Les abords du camp de Moria, 15 janvier 2017 (auteur:author Cathsign)

Un gigantesque incendie a ravagé dans la nuit du mardi 8 au mercredi 9 septembre 2020 le camp de réfugiés de Moria, sur l'île grecque de Lesbos, en mer Egée, mettant 12.000 personnes à la rue dans le plus complet dénuement. Le plus grand camp de réfugiés en Grèce, surpeuplé car prévu pour abriter seulement 2.000 personnes, est presque totalement détruit.

Mobilisés derrière l'Allemagne et son ministre des Affaires étrangères Heiko Maas, dix pays de l'Union européenne vont accueillir quelque 400 migrants mineurs non accompagnés, évacués de l'île grecque de Lesbos après l'incendie gigantesque du camp de réfugiés de Moria. «Nos contacts avec les pays membres de l'Union européenne ont conduit à ce que 10 pays membres participent au transfert» de ces 400 mineurs, a annoncé vendredi le ministre allemand de l'Intérieur, Horst Seehofer.
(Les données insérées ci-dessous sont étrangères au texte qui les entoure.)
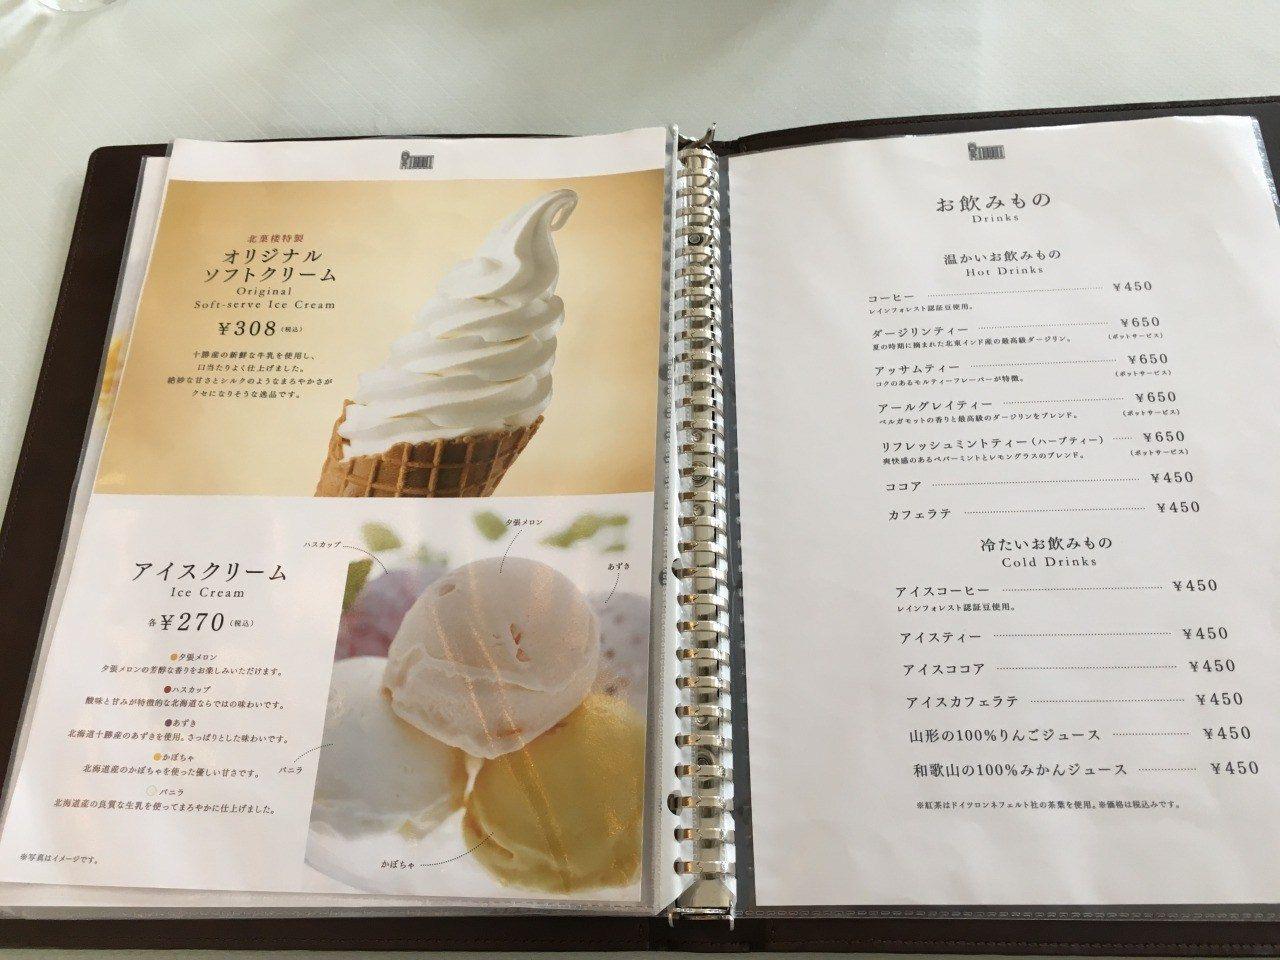 Original soft serve ice cream (308 yen)

L'Autriche a refusé son aide. L'Allemagne et la France prendraient en charge chacune 100 à 150 de ces enfants. Les Pays-Bas après avoir dit "non" (cf. Courrier International, 10/09/2020) avaient proposé jeudi de prendre en charge une centaine de migrants, dont une moitié de mineurs (source AFP/Figaro International, 11/09/2020).

Les conditions de vie sur le camp de Moria avaient été dénoncées par le HCR (Haut commissariat de l'ONU aux réfugiés) et les ONG. Le camp, ouvert en 2013 sur une ancienne base militaire, avait accueilli jusqu'à 22.000 personnes en février 2020. Il était interdit à la presse depuis les accords signés avec la Turquie en mars 2016.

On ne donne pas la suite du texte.